▸ What is expected: Could you repeat the listing exactly, leaving out the pictures?

▸ Data below:
──────

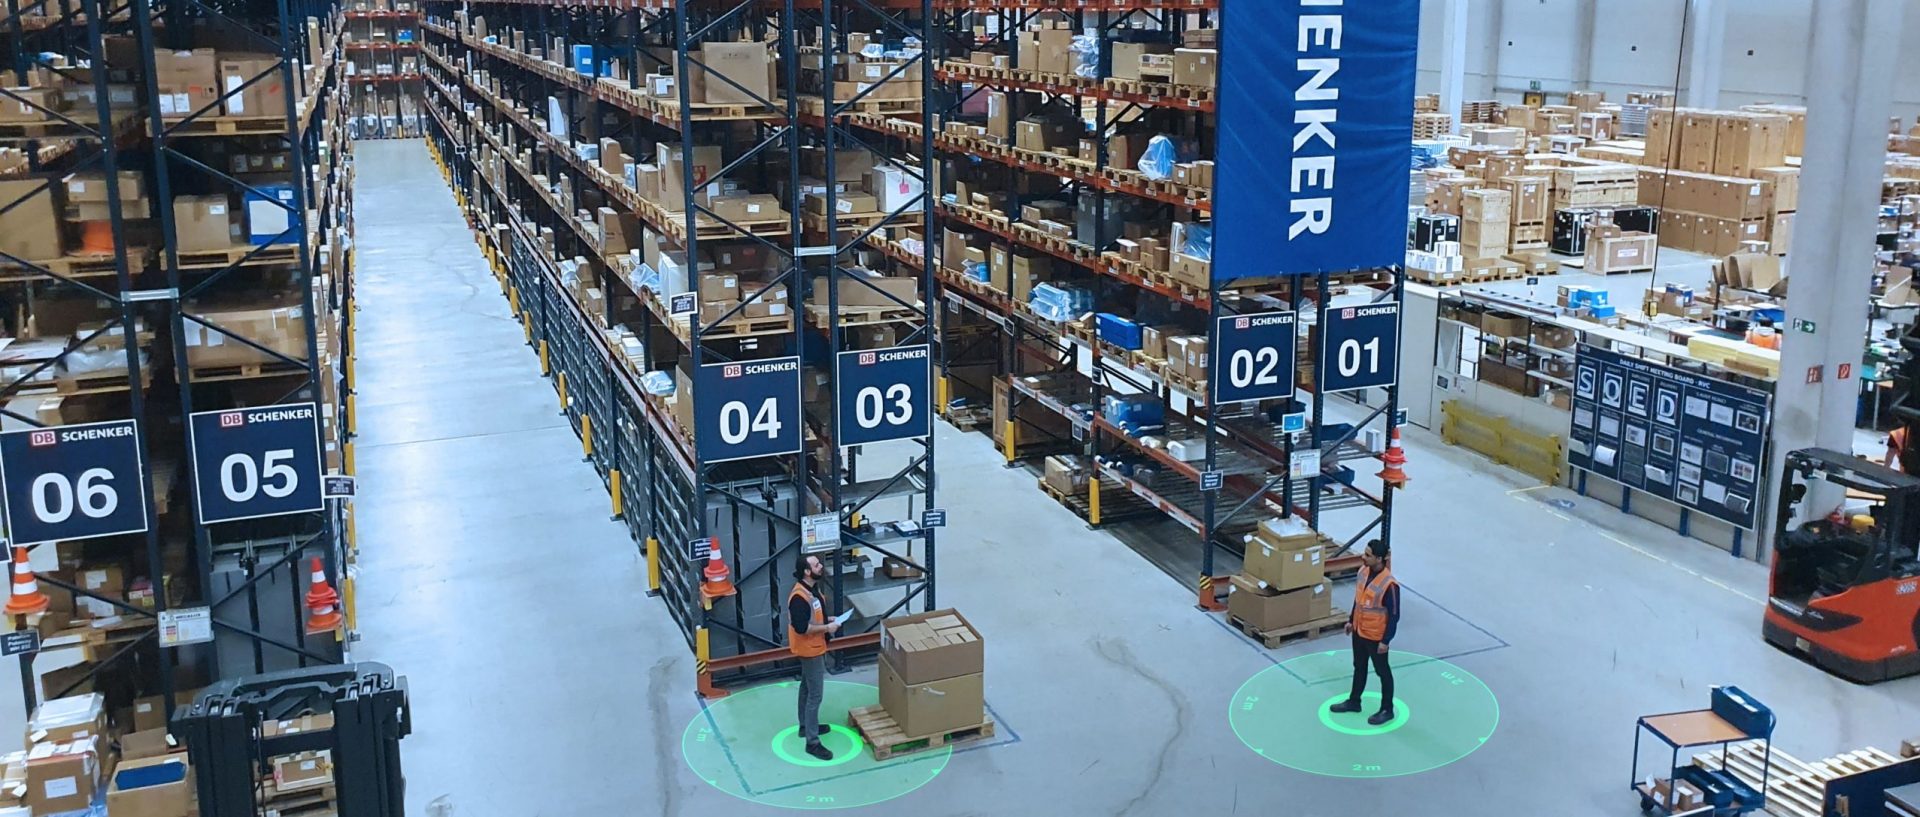 Birdseye view of employees using social distancing wearables in a warehouse
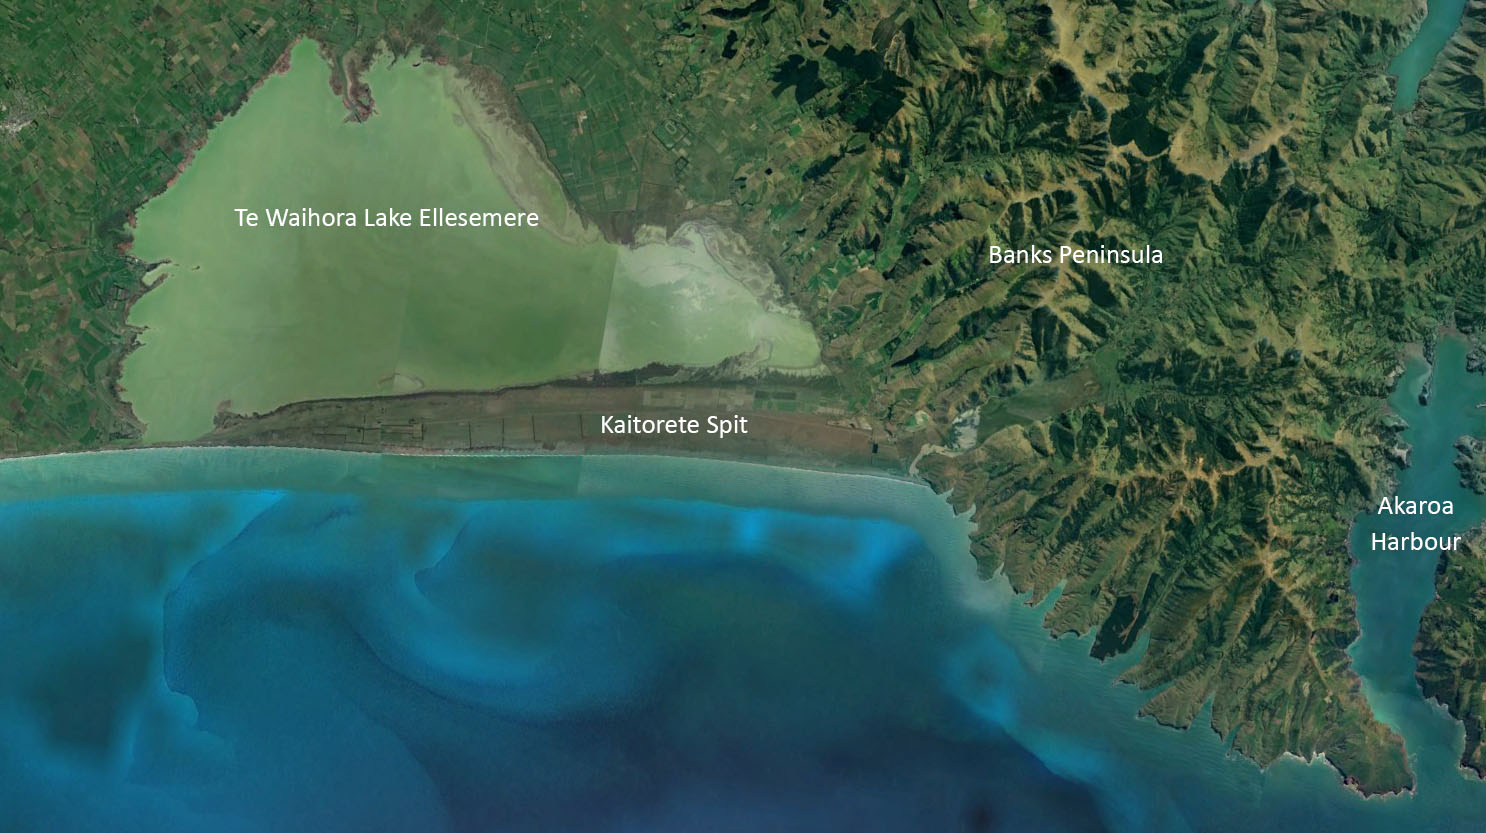 Fig. 3 Kaitorete Spit (Image: Google Earth)
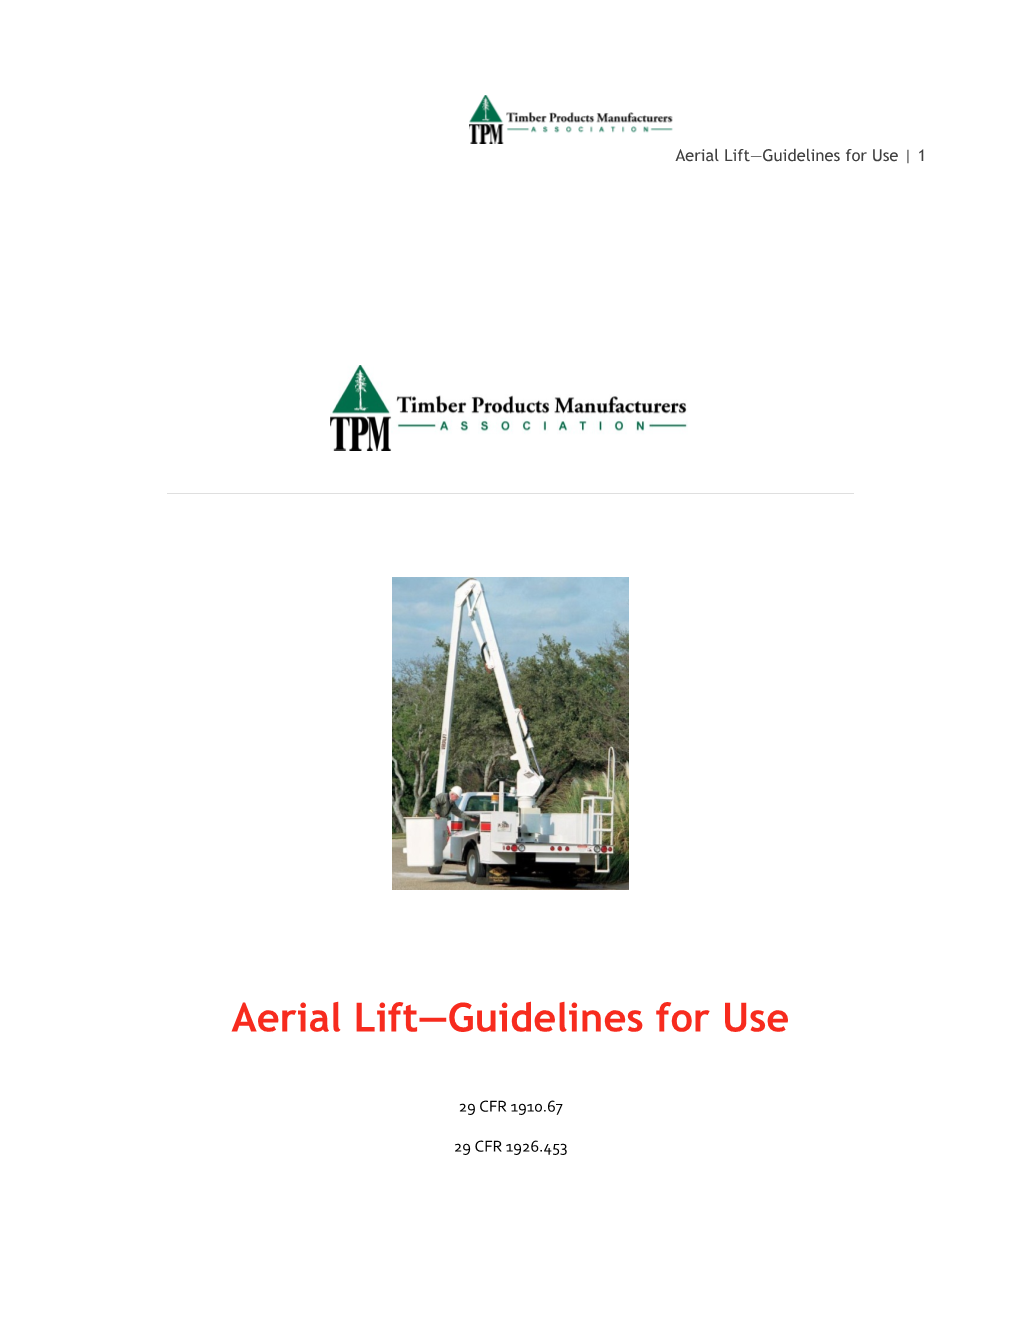 Aerial Lift Guidelines for Use

──────

▸ Written solution:
 Birdseye view of employees using social distancing wearables in a warehouse
 Fig. 3 Kaitorete Spit (Image: Google Earth)
 Aerial Lift Guidelines for Use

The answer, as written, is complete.